**RECORDS FOR THE EXERCISE**
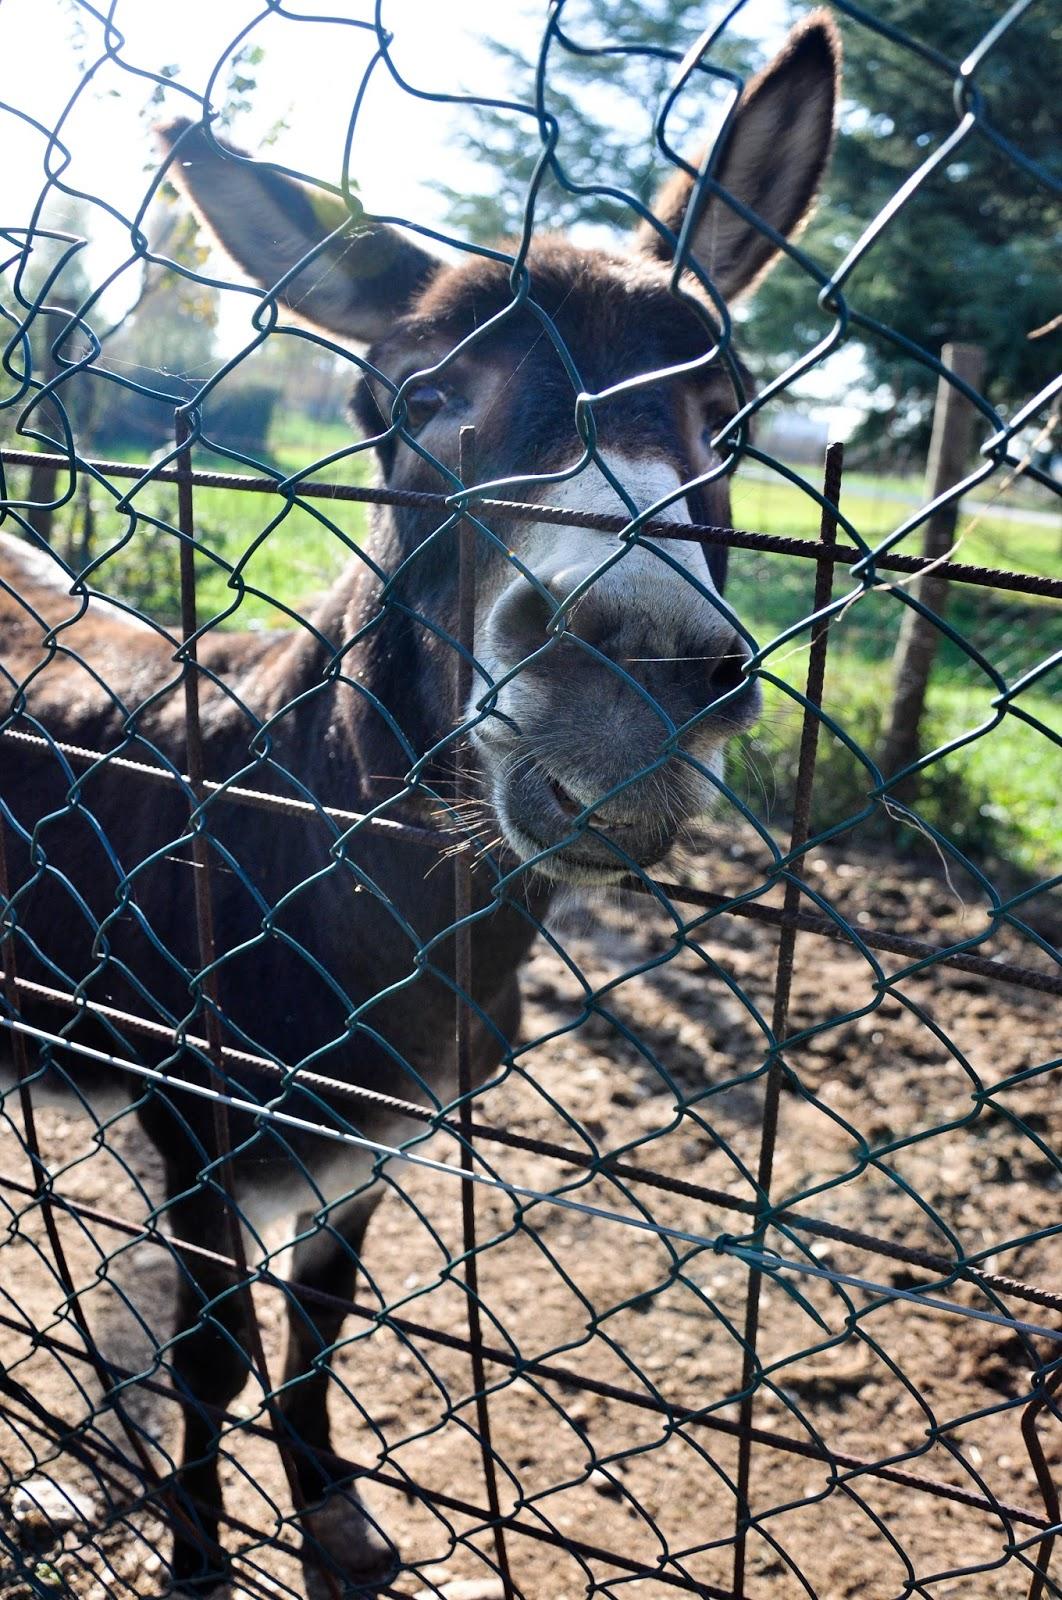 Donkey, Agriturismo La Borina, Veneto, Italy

==

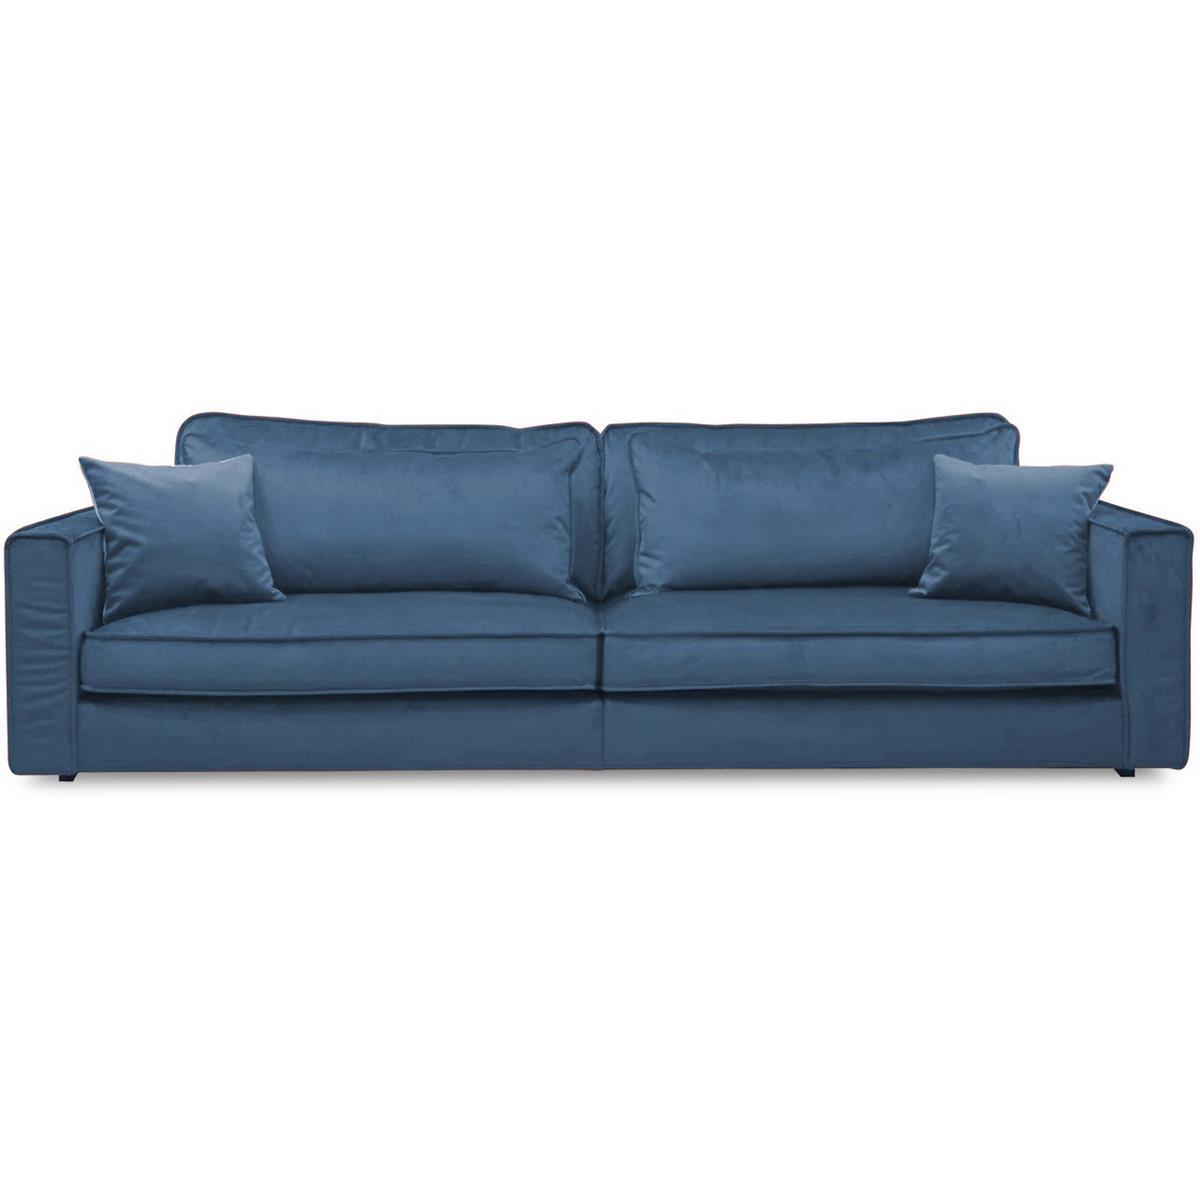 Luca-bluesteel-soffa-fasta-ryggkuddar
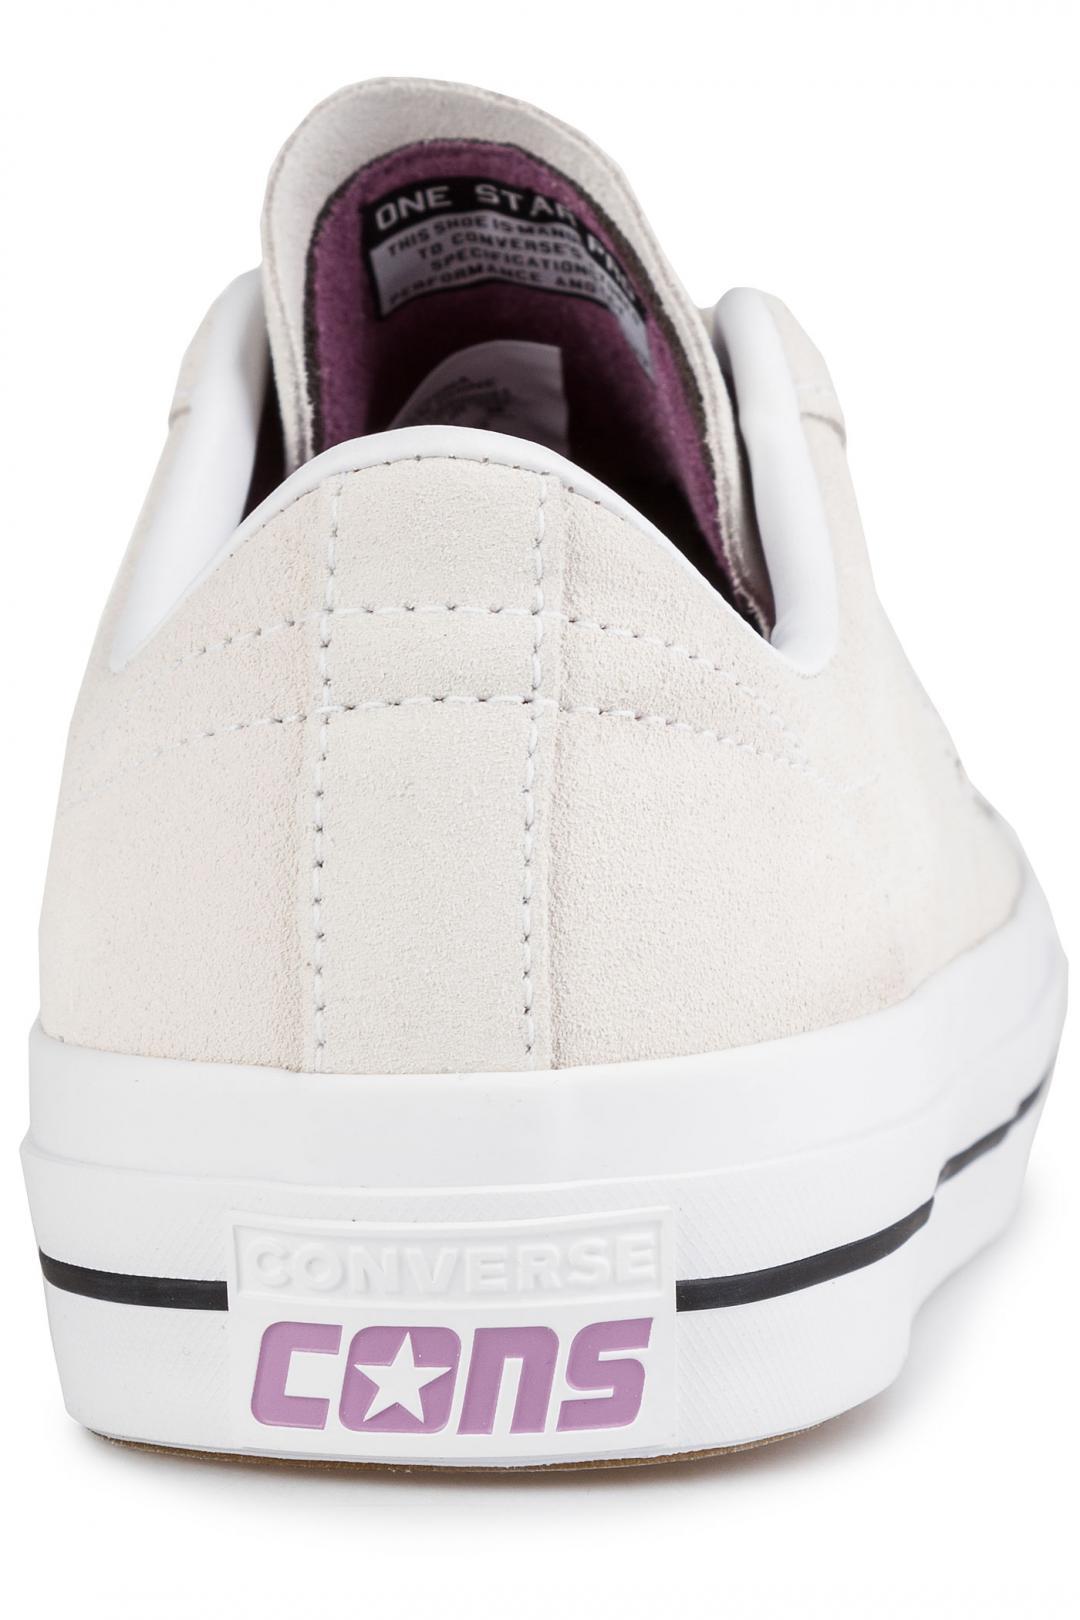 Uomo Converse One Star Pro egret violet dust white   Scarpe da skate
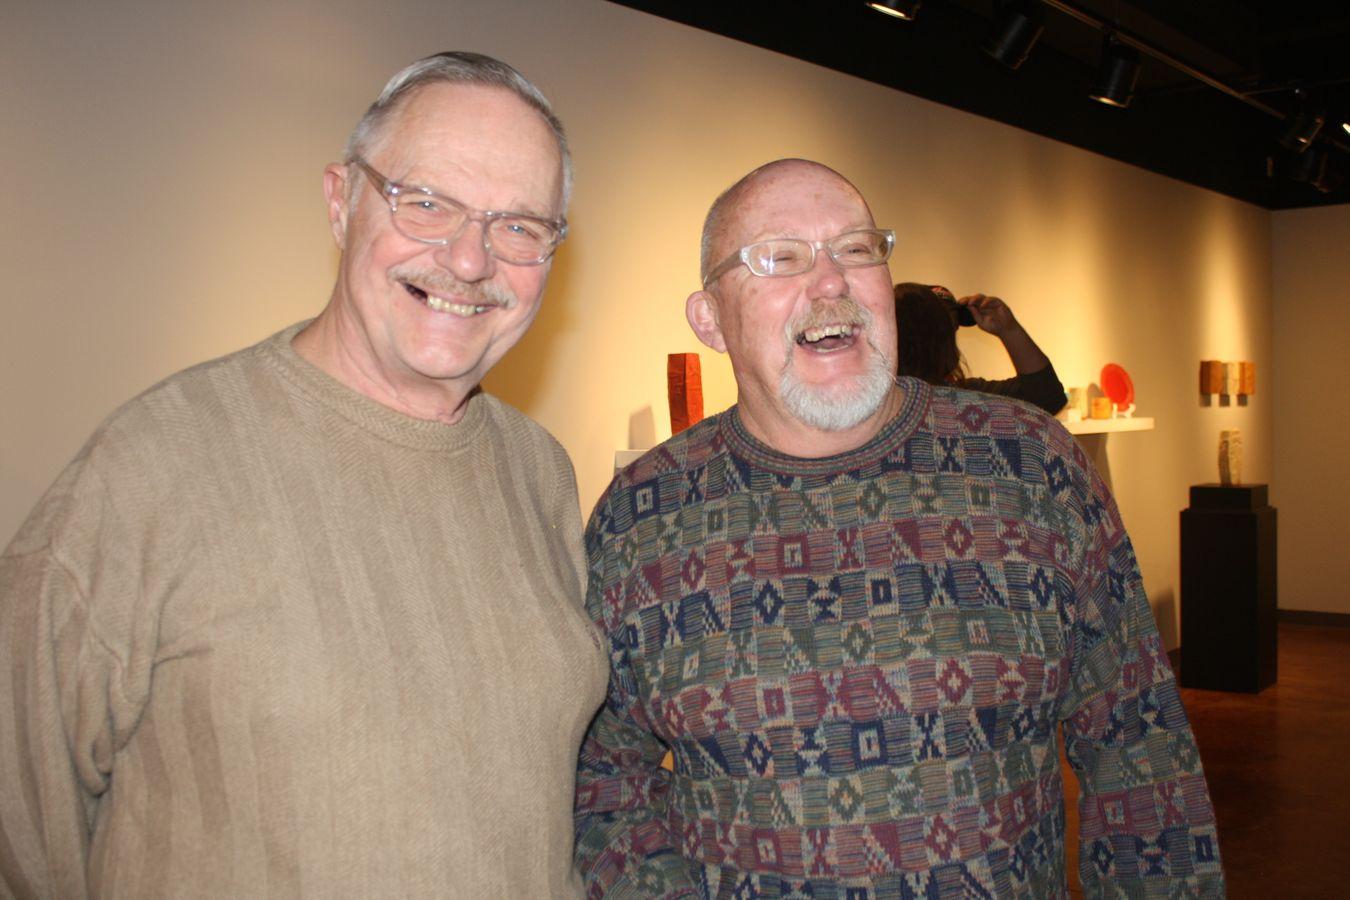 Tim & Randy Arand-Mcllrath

**YOUR INSTRUCTIONS**
Your answer should be the lines above, word for word, from the line with "Uomo Converse One" through the line with "Tim & Randy Arand-Mcllrath", minus the pictures.

**ANSWER TO THIS PROBLEM**
 Uomo Converse One Star Pro egret violet dust white   Scarpe da skate
 Tim & Randy Arand-Mcllrath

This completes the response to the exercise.